BOSTON (Reuters) - State Street Corp (STT.N) Chairman and Chief Executive Jay Hooley on Tuesday defended his strategy for the global custody bank, saying most shareholders like what he is doing.
His comments followed a newspaper report on Monday that some large investors are growing frustrated with Hooley’s management of the company.
“Most of the investors I speak to like the company and its long-term prospects,” Hooley told Reuters in a telephone interview. “But they also want something in the short term.”
Hooley’s remarks come after the Financial Times reported that four of State Street’s largest shareholders are unhappy with the pace of Hooley’s $600 million-plus cost-cutting program. The paper said some of these investors, which it did not name, would like to replace either Hooley or Chief Financial Officer Ed Resch.
“I won’t comment on that,” Hooley said, when asked about investor unhappiness.
Shares of State Street on Tuesday rose 4.4 percent to $43.41 after the Boston-based bank reported a third-quarter profit that beat analysts’ estimates. The company surprised analysts with a compensation ratio that was 39 percent of operating revenue. With declining market-related revenue from activities such as foreign exchange trading, analysts thought that ratio would be higher.
Compensation and overall expense management have been a bone of contention among some shareholders, namely Nelson Peltz, founder and chief executive of Trian Fund Management LP in New York. Trian is State Street’s eighth-largest investor, owning 2 percent of the company’s stock at midyear, according to Thomson Reuters data.
A year ago, Trian released a critique of State Street’s operations, faulting the company for paying too much for acquisitions and not keeping a lid on expenses.

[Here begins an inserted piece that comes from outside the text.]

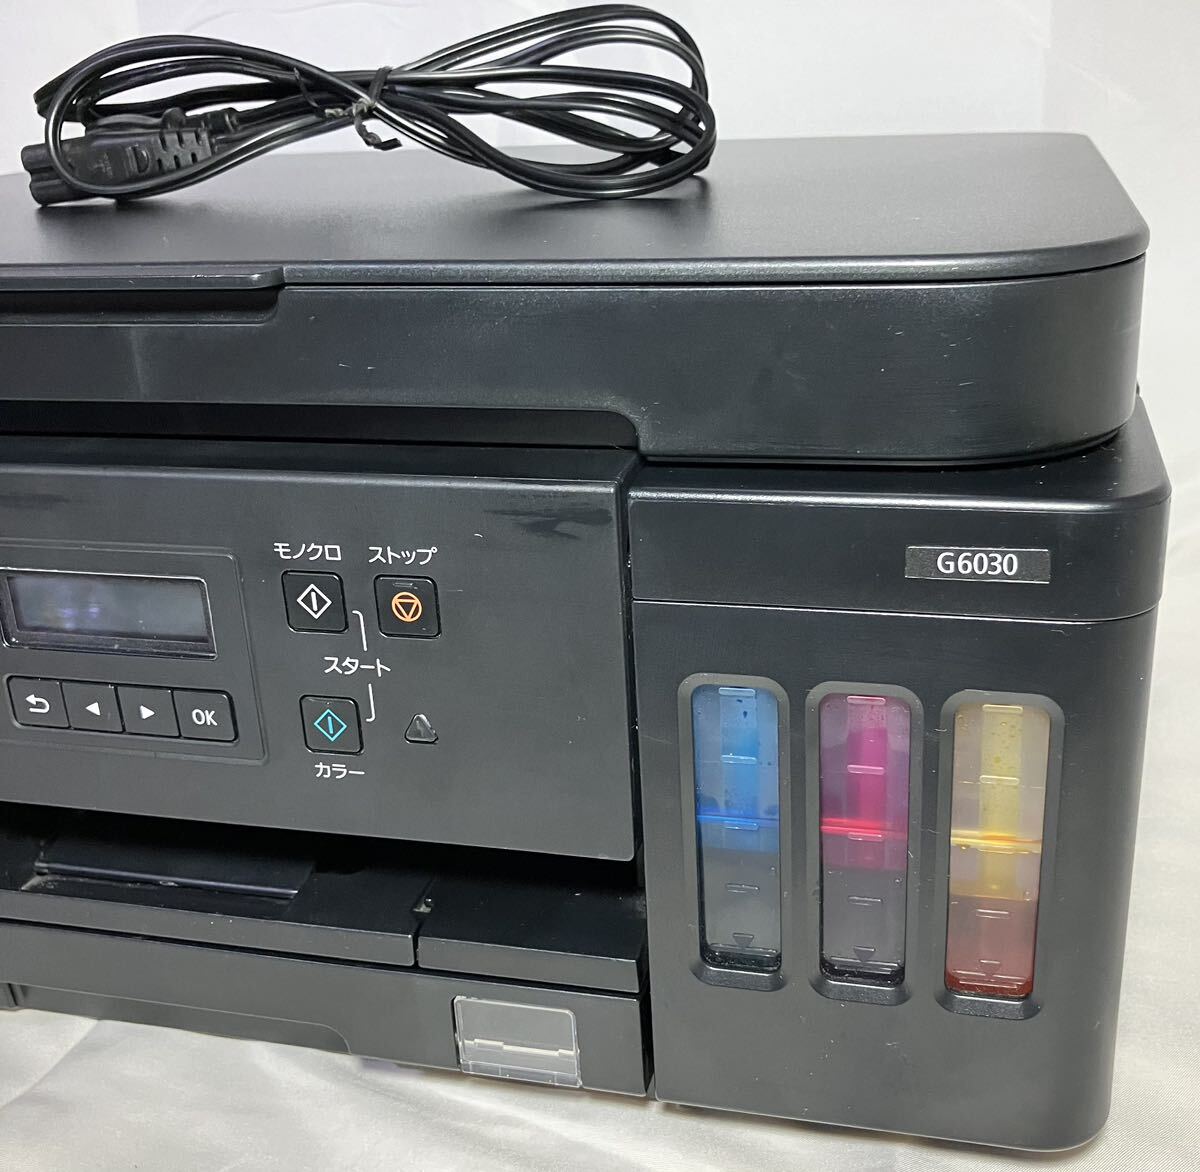 KGNY4066 Canon Canon G6030 Special high capacity Giga tanker installing black ink-jet printer multifunction machine Junk present condition goods

The report said compensation costs increased dramatically while earnings per share declined.
“We’re always looking to calibrate (expenses) to the revenue environment,” Hooley said.
Hooley said interacting with shareholders is one of his principal responsibilities.
“I do it often, particularly with larger ones,” Hooley said. “I am always looking for an opportunity to update them on strategy and execution. I‘m also looking for input. I deal with a lot of shareholders over a long period of time. There’s not one conclusion from that.”
He added that shareholders tell him they like State Street’s business model and acknowledge it’s a rough environment amid rock-bottom interest rates and tepid growth in global capital markets.